Romanian version, here.

The need for space differs from one person to another according to their education, their background, their culture and their job. We come to appreciate a space as we get older. Our perception of distance is not an innate gift, but one that we learn after many experiences, and with each of them we review our concept of distance.

There is an experiment carried out in a community of porcupines which proved that animals need an individual space where they can feel safe. In frosty winters, porcupines gather and huddle together to get warm. But the closer they get, they touch each other with their quills and they hurt each other. Sometimes they bleed, and then they disperse. But the cold comes in through the empty spaces and they come closer again. Slowly, they come to approximate the right distance to stay warm without pricking each other. Likewise, people feel the need to come closer, enough to feel each other’s warmth, yet without being invaded and hurt.
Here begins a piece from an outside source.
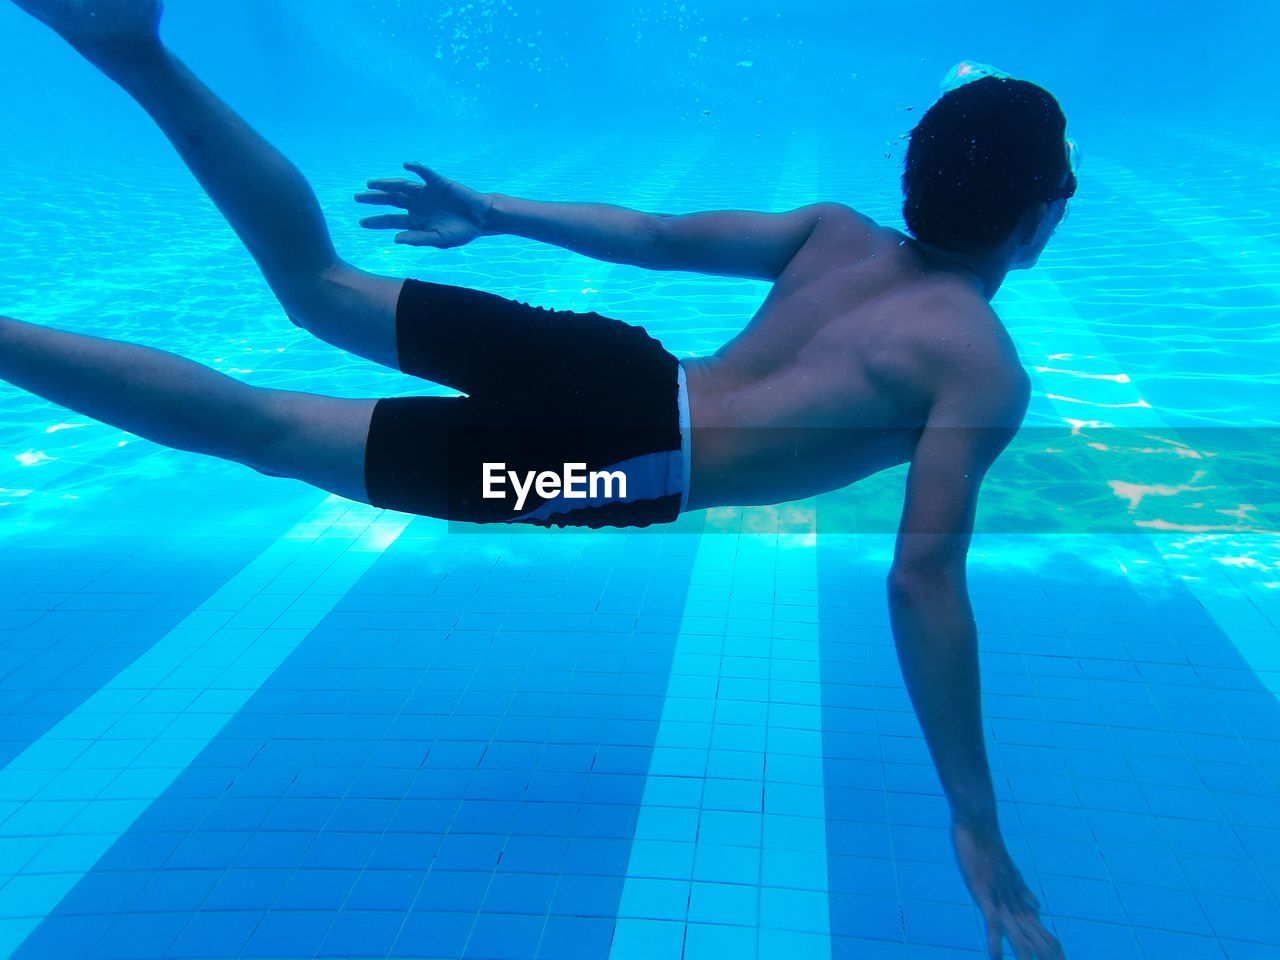 Shirtless teenage boy swimming in pool

The principle of distance and closeness explains the large spaces that some people keep around them, precisely because they have been hurt. And those who want permanent closeness, verging on dependence, do not feel safe in their personal space.

In the exploratory talks before getting into a relationship, we estimate distances, see how many steps ahead and how many steps back we can take without losing the other. Any type of connection comes with these trials, when we don’t know the rules, such as spaces in the official environment. Estimating distances is a form of code decryption to be able to communicate to as to be understood. Offences, insults and yelling are part of the rampant invasion of someone else’s space, it disturbs balance and breaks reference points. Just like specialists recommend four hugs a day, which stimulate endorphins, violent touches cause real hurricanes in organising the space of the hurt one.

Distance and closeness define us, stimulate us and set our limits as regards what we can build in our relationships with those around us. It is on empty spaces that love can grow, which is why we may not feel it as an invasion, as long as it fills them perfectly.